Investment in unquoted companies and businesses carries a higher degree of risk than quoted investments but can have very significant IHT advantages.
There are specific requirements to qualify for these reliefs and specialist advice should be taken wherever they or other reliefs (as listed above) may apply.
Gifts with reservation of benefit (GROBs)
For a lifetime gift to be exempt from IHT, the donor must make the gift without strings attached. If the donor retains a benefit or enjoyment in the asset gifted, it will remain part of his or her estate for IHT purposes.
Lifetime gifts that remain part of the donor’s estate for IHT purposes are called gifts with reservation of benefit (GROBs), as opposed to gifts genuinely given without the retention of a significant benefit or enjoyment are potentially exempt transfers (PETs).
To understand the distinction, consider the following scenario. John gives his home to his three children, transferring the legal title into their joint names.
- If John continues to live in the property rent-free, it will be deemed a GROB and remain part of his estate for IHT purposes.
- If John moves out or pays his children full market rent (thus releasing his reservation), it will be classed as a PET.

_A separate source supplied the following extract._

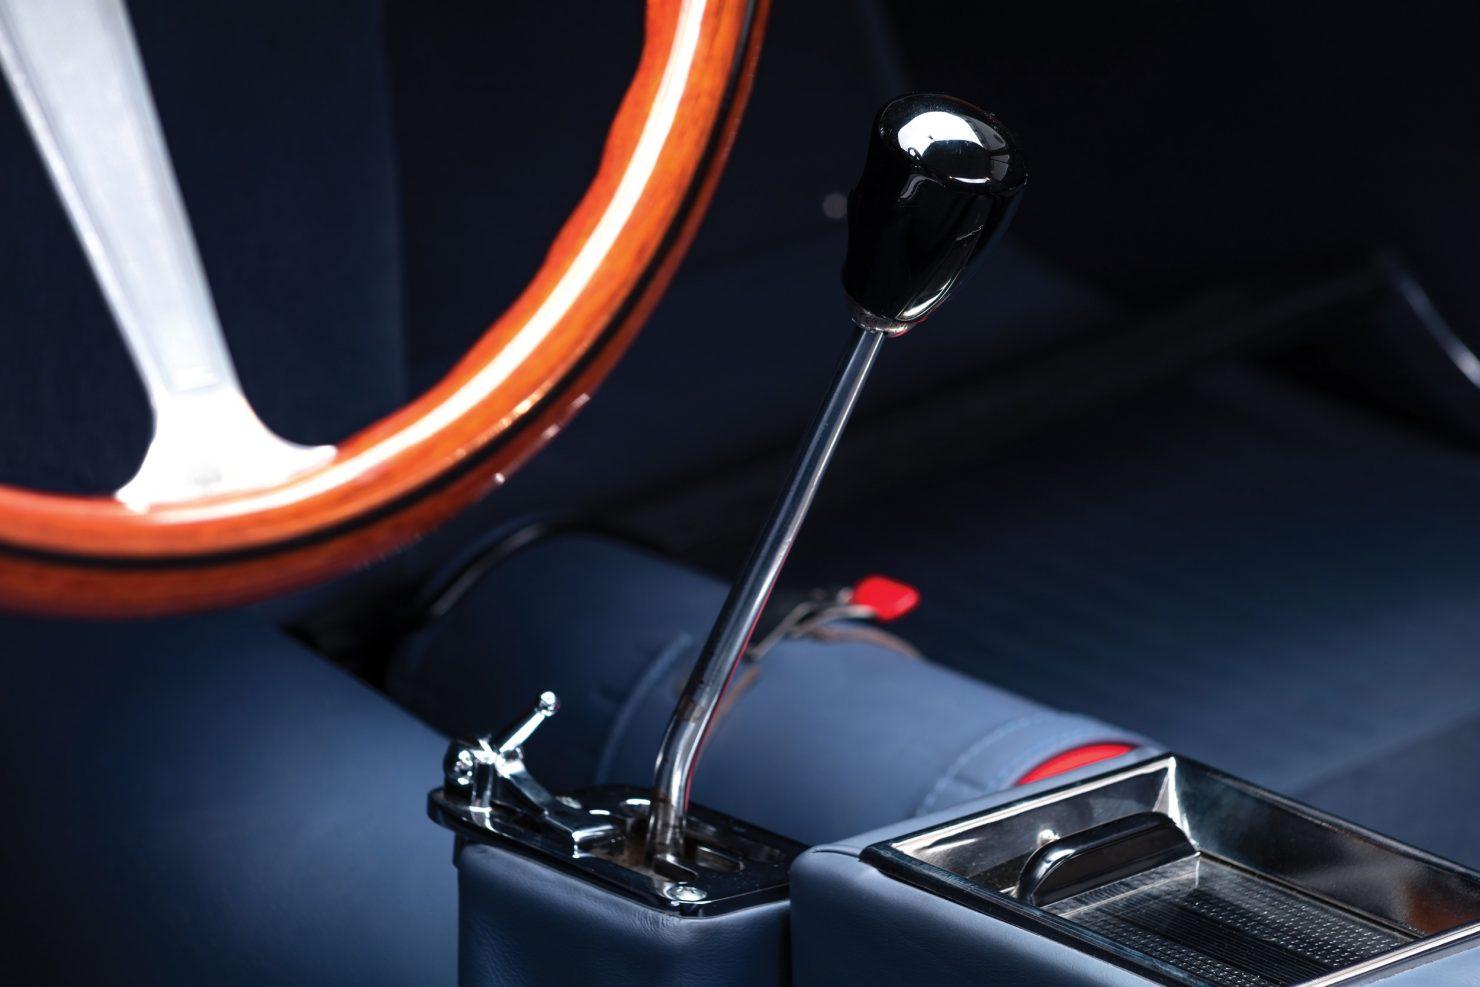 ferrari 275 gtb car 12 1480x987 - 1965 Ferrari 275 GTB/6C Alloy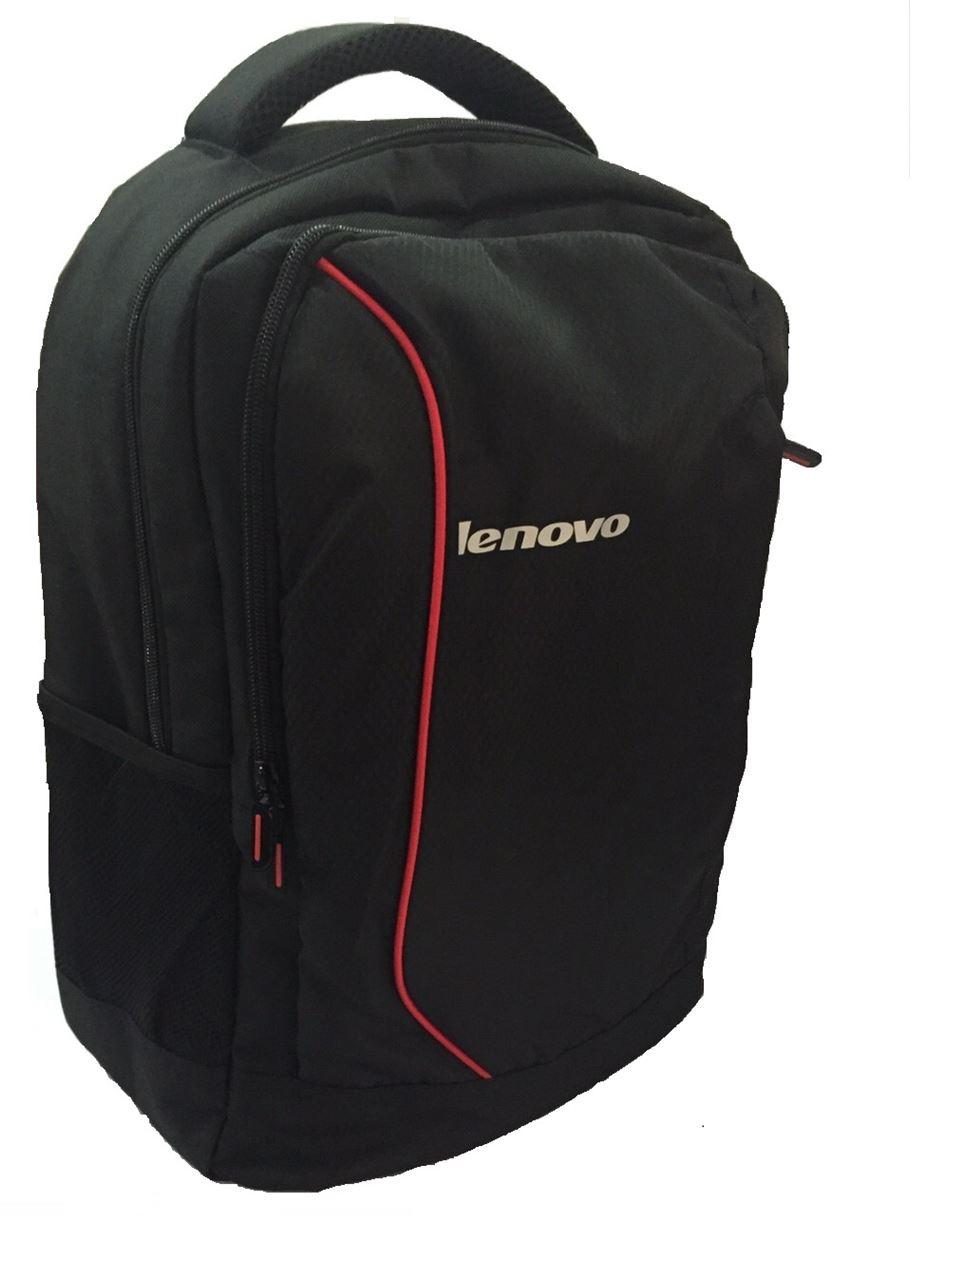 "Lenovo IDEA Lenovo 15.6"" Backpack B3055"

To be deemed a PET, the gift must be enjoyed to the ‘virtual exclusion’ of the donor. This means there is some room for a very minor reservation of benefit. In the aforementioned scenario, where John has given away his home, an example would be where John moves out but occasionally visits or stays at the property temporarily.

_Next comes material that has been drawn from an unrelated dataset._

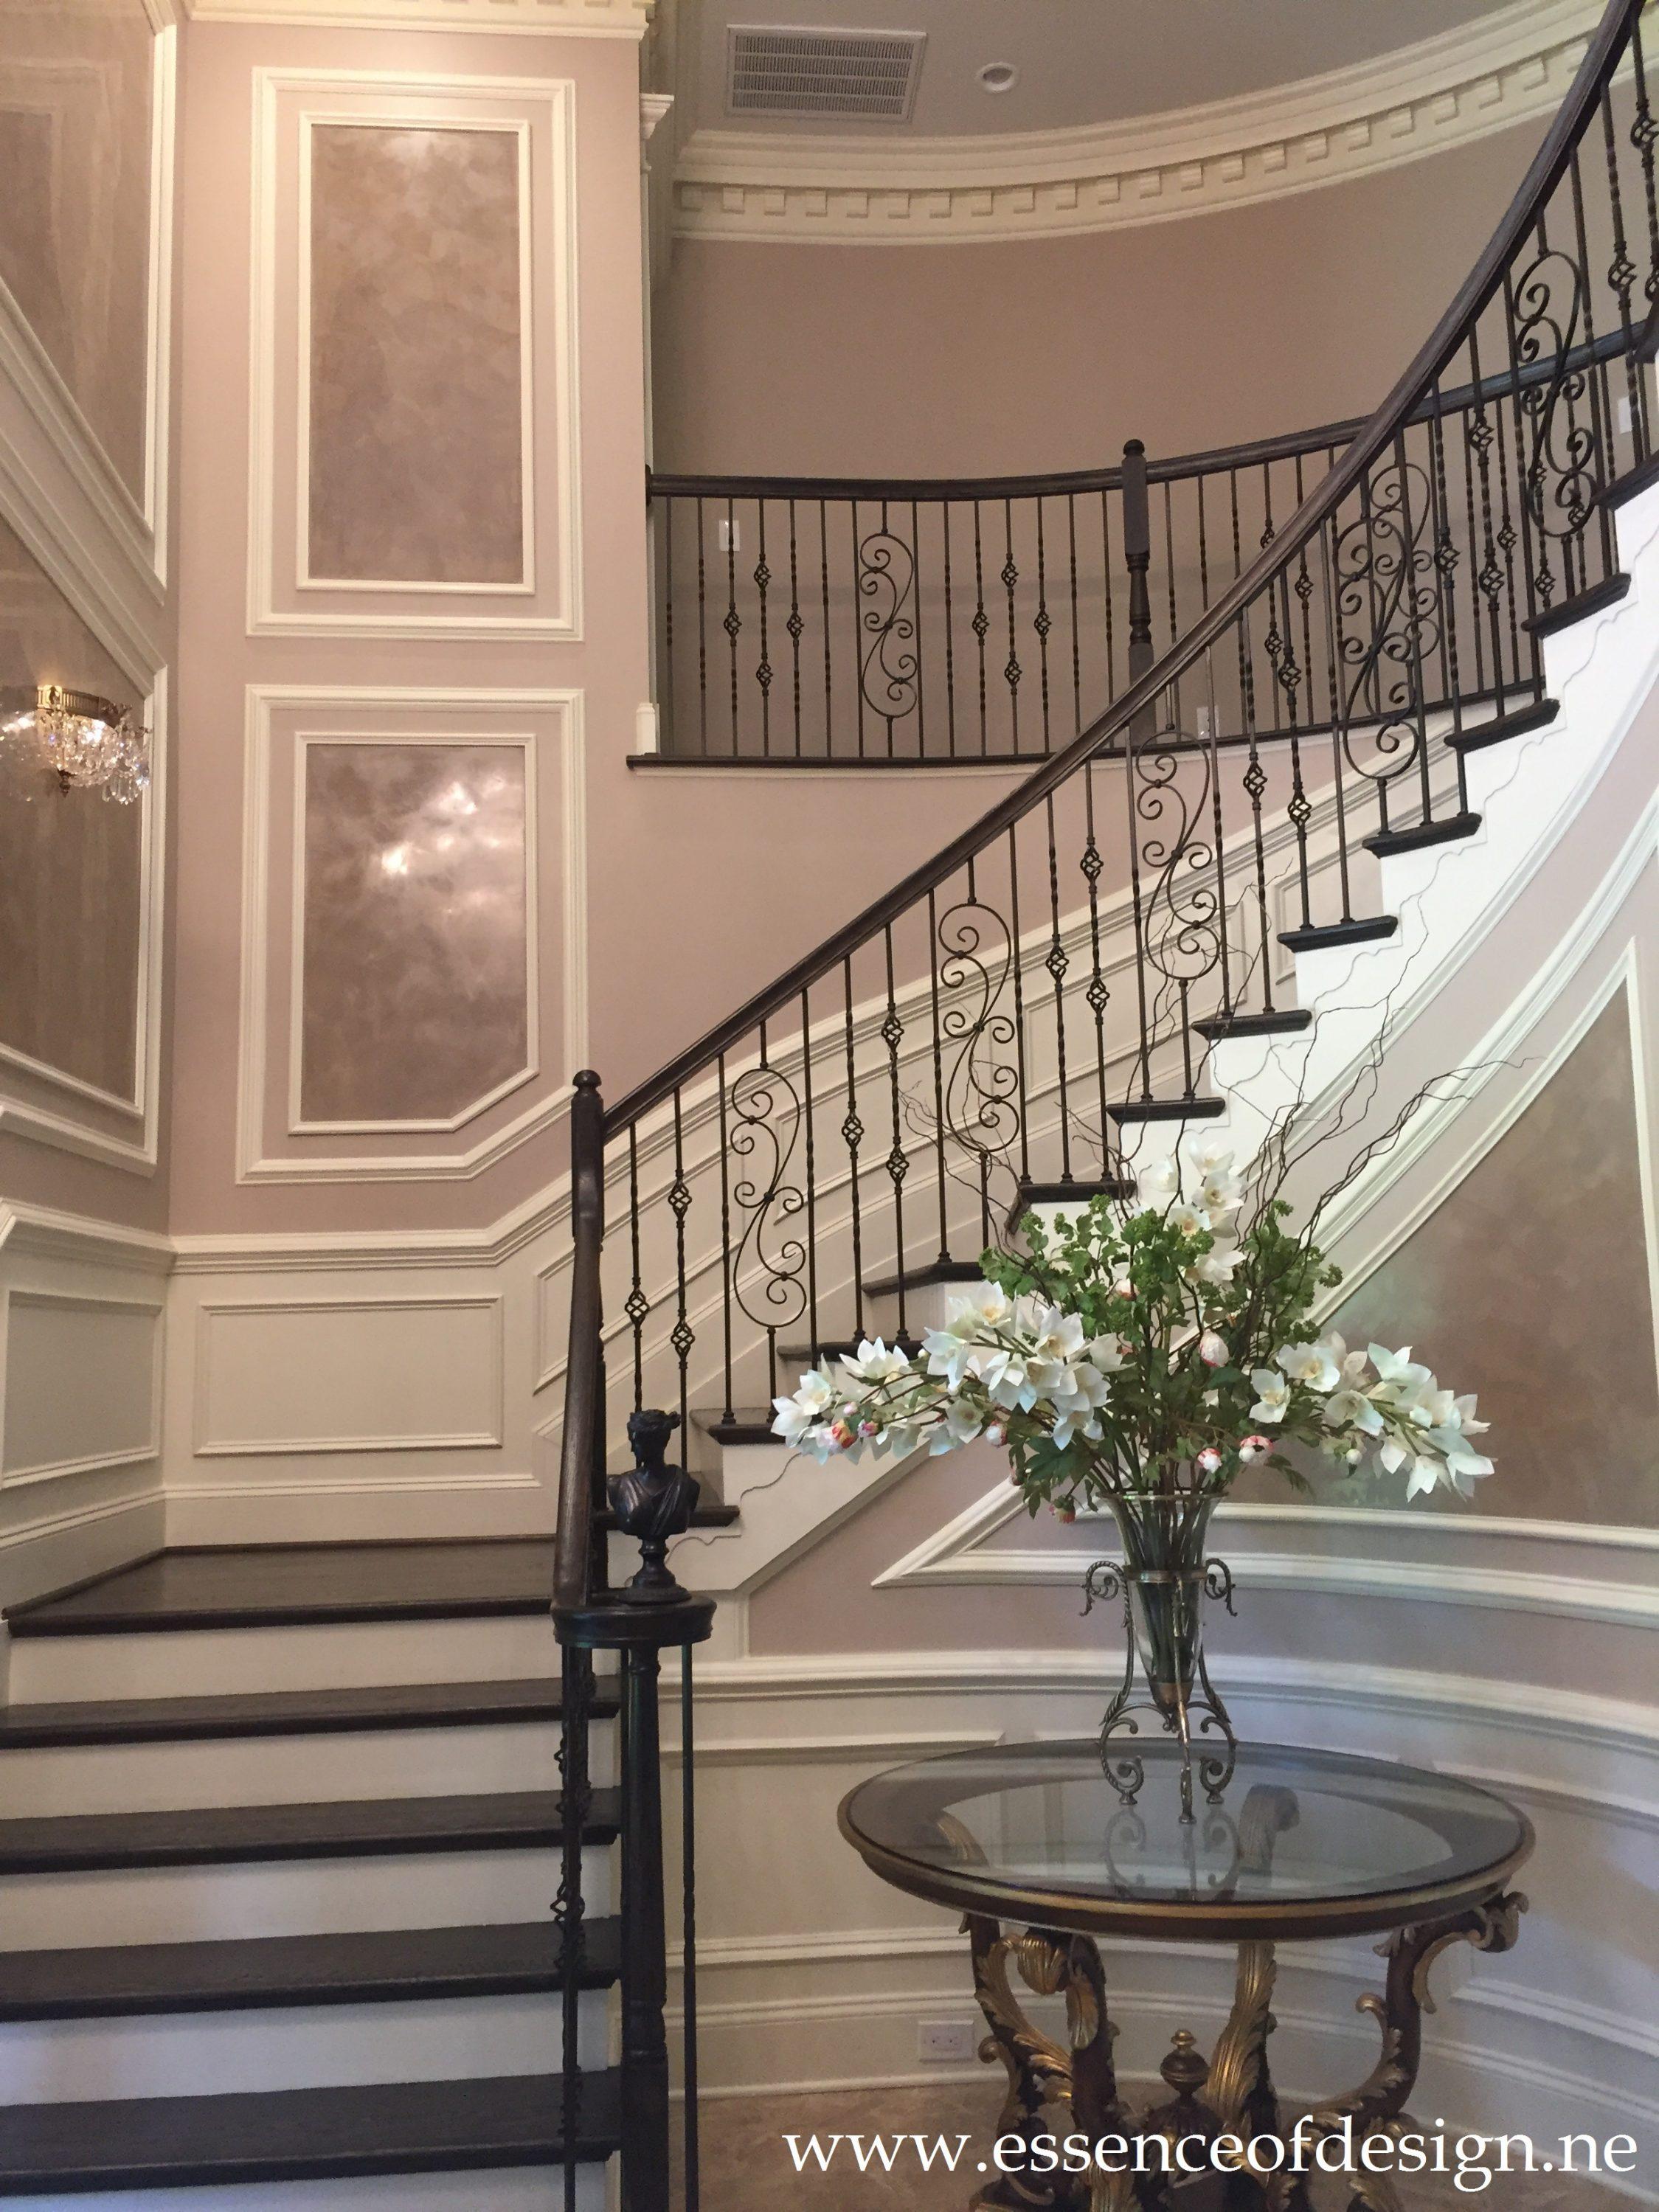 Potomac-MD-Interior-Designer-Shiva-Rostami-Foyer-Faux-finish-millwork

It is also worth noting that there is no GROB where a gift is exempt from IHT, for example, if the gift were to a spouse or civil partner.
Pre-owned assets charge (POAC)
As an extra measure to combat tax avoidance, in 2005 the government introduced the pre-owned assets charge (POAC). This applies to property given away, or property derived from such property, that the donor subsequently benefits from. It includes buildings, land, chattels and money and investments.

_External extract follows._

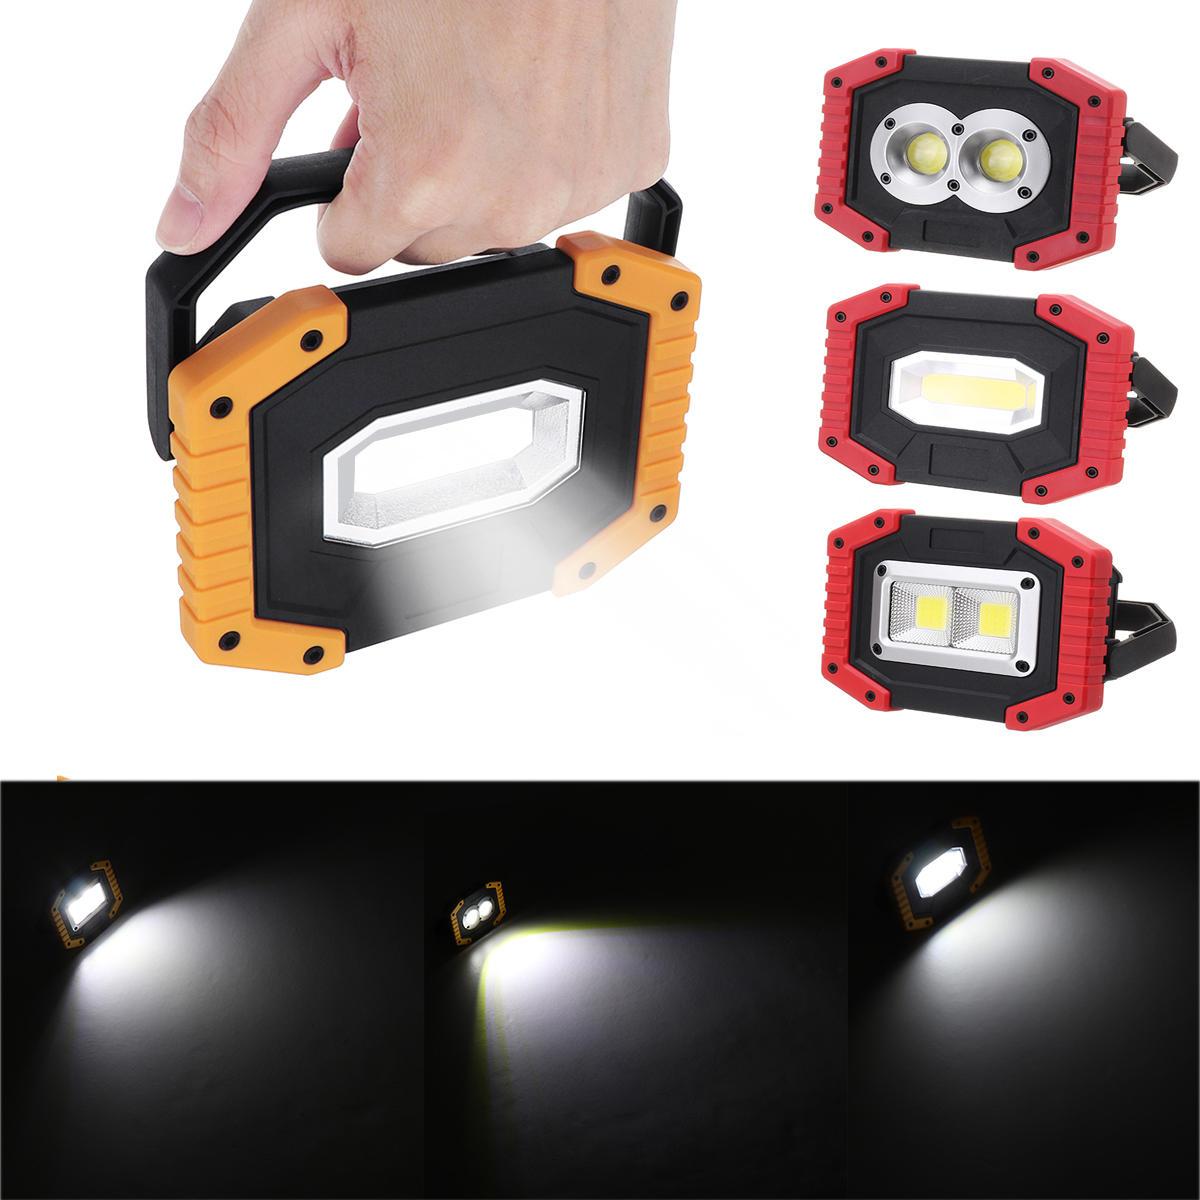 Xmund 30W USB LED COB Outdoor 3 Modes Work Light Camping Emergency Lantern Flashlight Spotlight Searchlight

In cases where this applies, the donor will have to pay an annual income tax charge in relation to the benefit they receive from the property, unless they have elected for the property to be taxed as a GROB. To declare the property as a GROB, they must make the declaration by 31 January following the tax year in which they first became liable to POAC for the said property. There are a number of exclusions and exemptions from POAC.
A well-drafted Will is a key element to any individual’s IHT planning. With the help of a specialist solicitor you can structure your Will to minimise your IHT liabilities. Your Will should be reviewed at regular intervals to ensure it remains suitable in light of changes in your circumstances and taxation changes.
A trust enables a person (the ‘settlor’) to give away assets while stipulating that they are dealt with in a certain way. The settlor will name one or several trustees, to whom legal ownership of the assets (the trust property) is transferred. The trust will name the beneficiaries (those who will benefit from the trust assets and/or income generated from them) and how the trust will function. The trustees must manage the assets according to the terms of the trust. A settlor can create a trust during their lifetime (under a deed of trust) or can arrange via their Will for a trust to be set up when they die.
There are many different types of trust, which are effective in different circumstances. There are also many IHT and other tax issues that can be relevant to the creation, administration, termination or amendment of trusts, which are beyond the scope of this note. Our specialist solicitors can advise you whether setting up a trust would be useful for you.